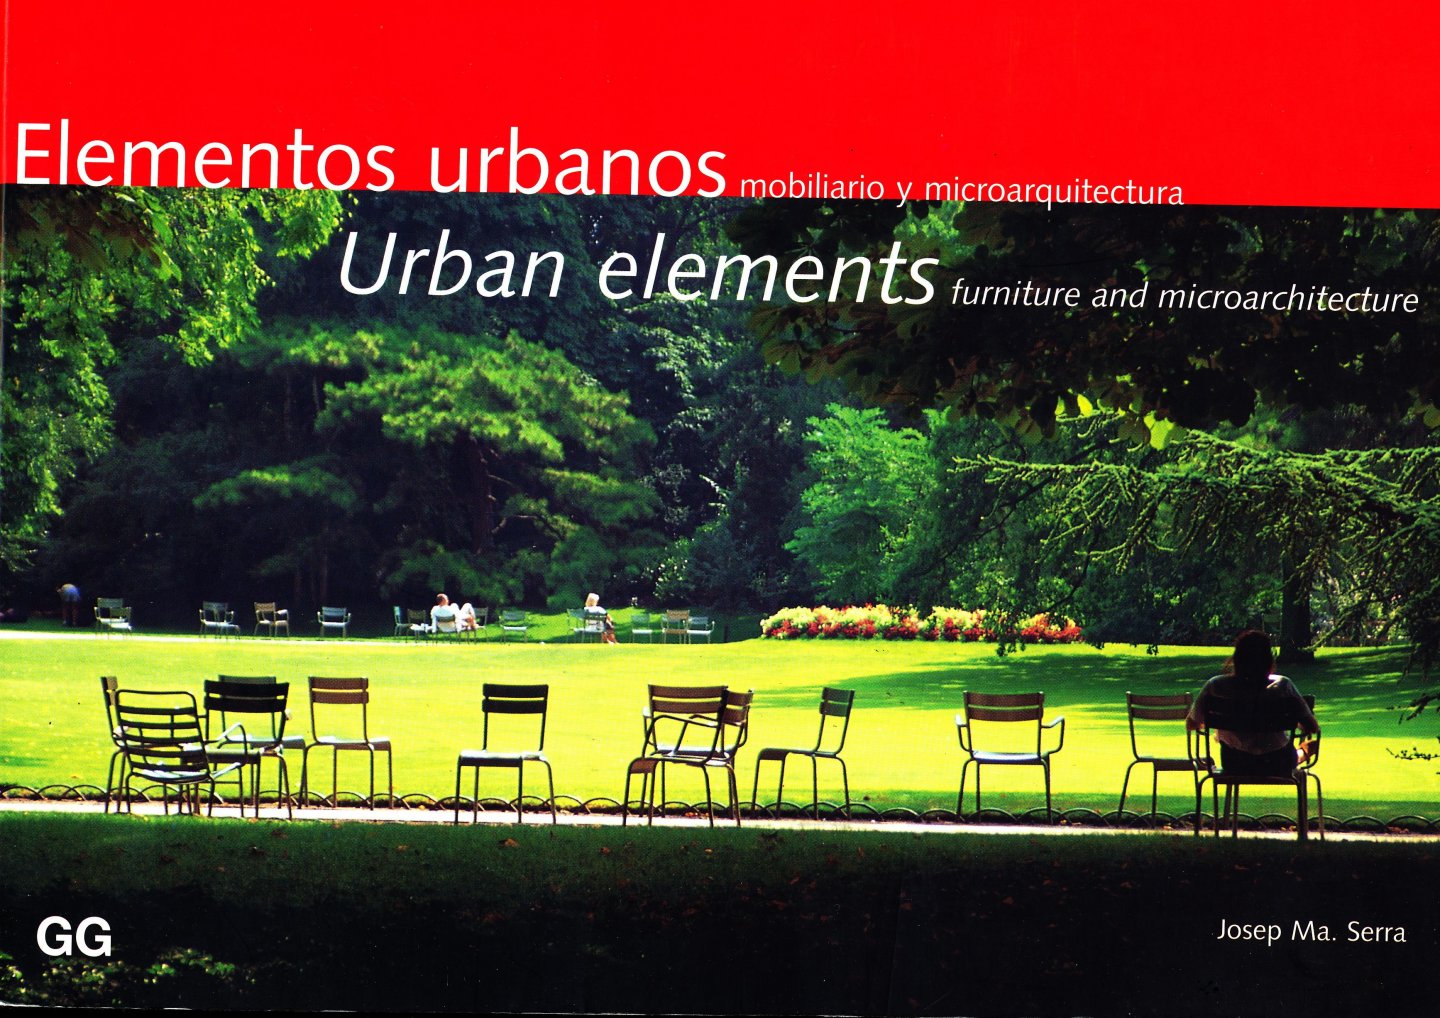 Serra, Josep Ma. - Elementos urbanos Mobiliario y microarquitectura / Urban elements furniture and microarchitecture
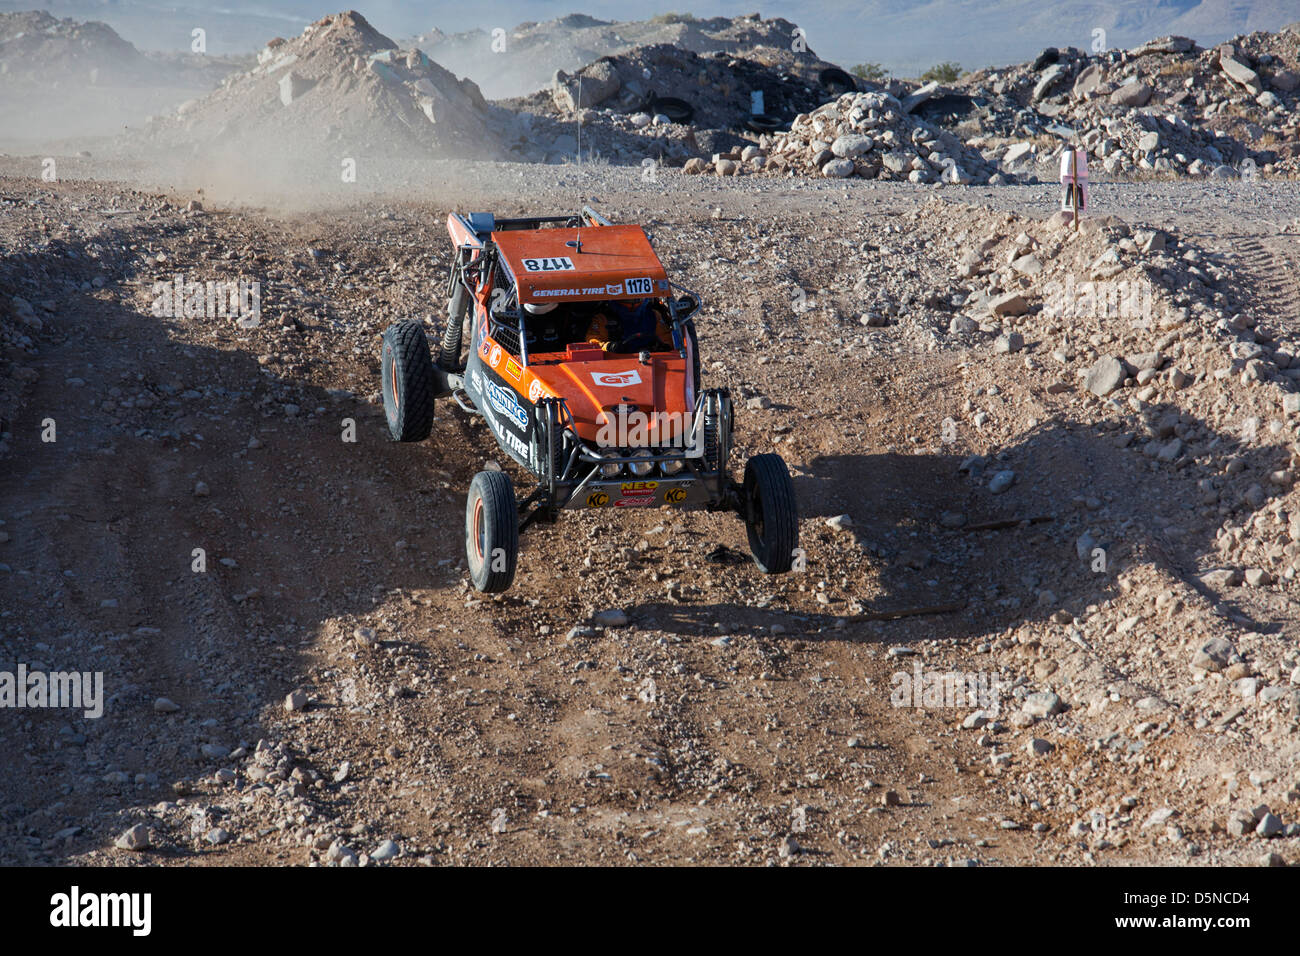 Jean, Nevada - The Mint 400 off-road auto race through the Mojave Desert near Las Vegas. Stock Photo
__________
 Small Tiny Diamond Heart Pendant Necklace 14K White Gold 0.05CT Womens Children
__________
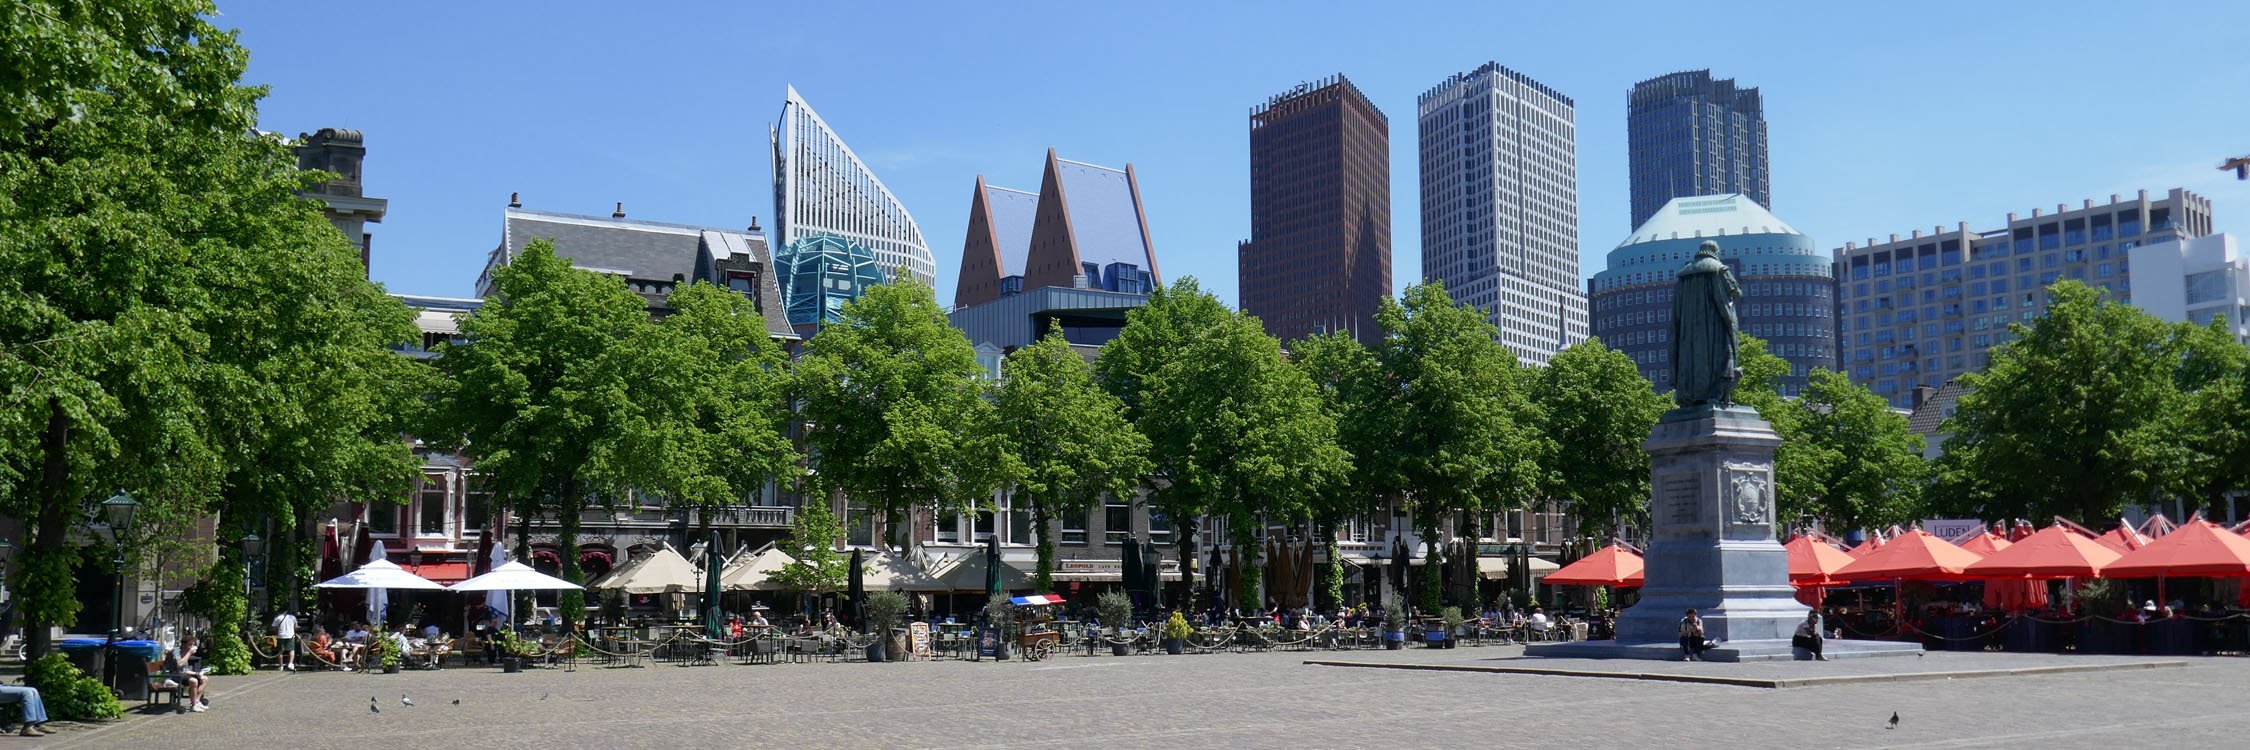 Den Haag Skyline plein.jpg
__________
In the material above, one part opens with the line containing "Serra, Josep Ma." and closes with the line containing "Jean, Nevada - The". Write out that part exactly and skip its pictures.

• ANSWER BOX:
 Serra, Josep Ma. - Elementos urbanos Mobiliario y microarquitectura / Urban elements furniture and microarchitecture
 Jean, Nevada - The Mint 400 off-road auto race through the Mojave Desert near Las Vegas. Stock Photo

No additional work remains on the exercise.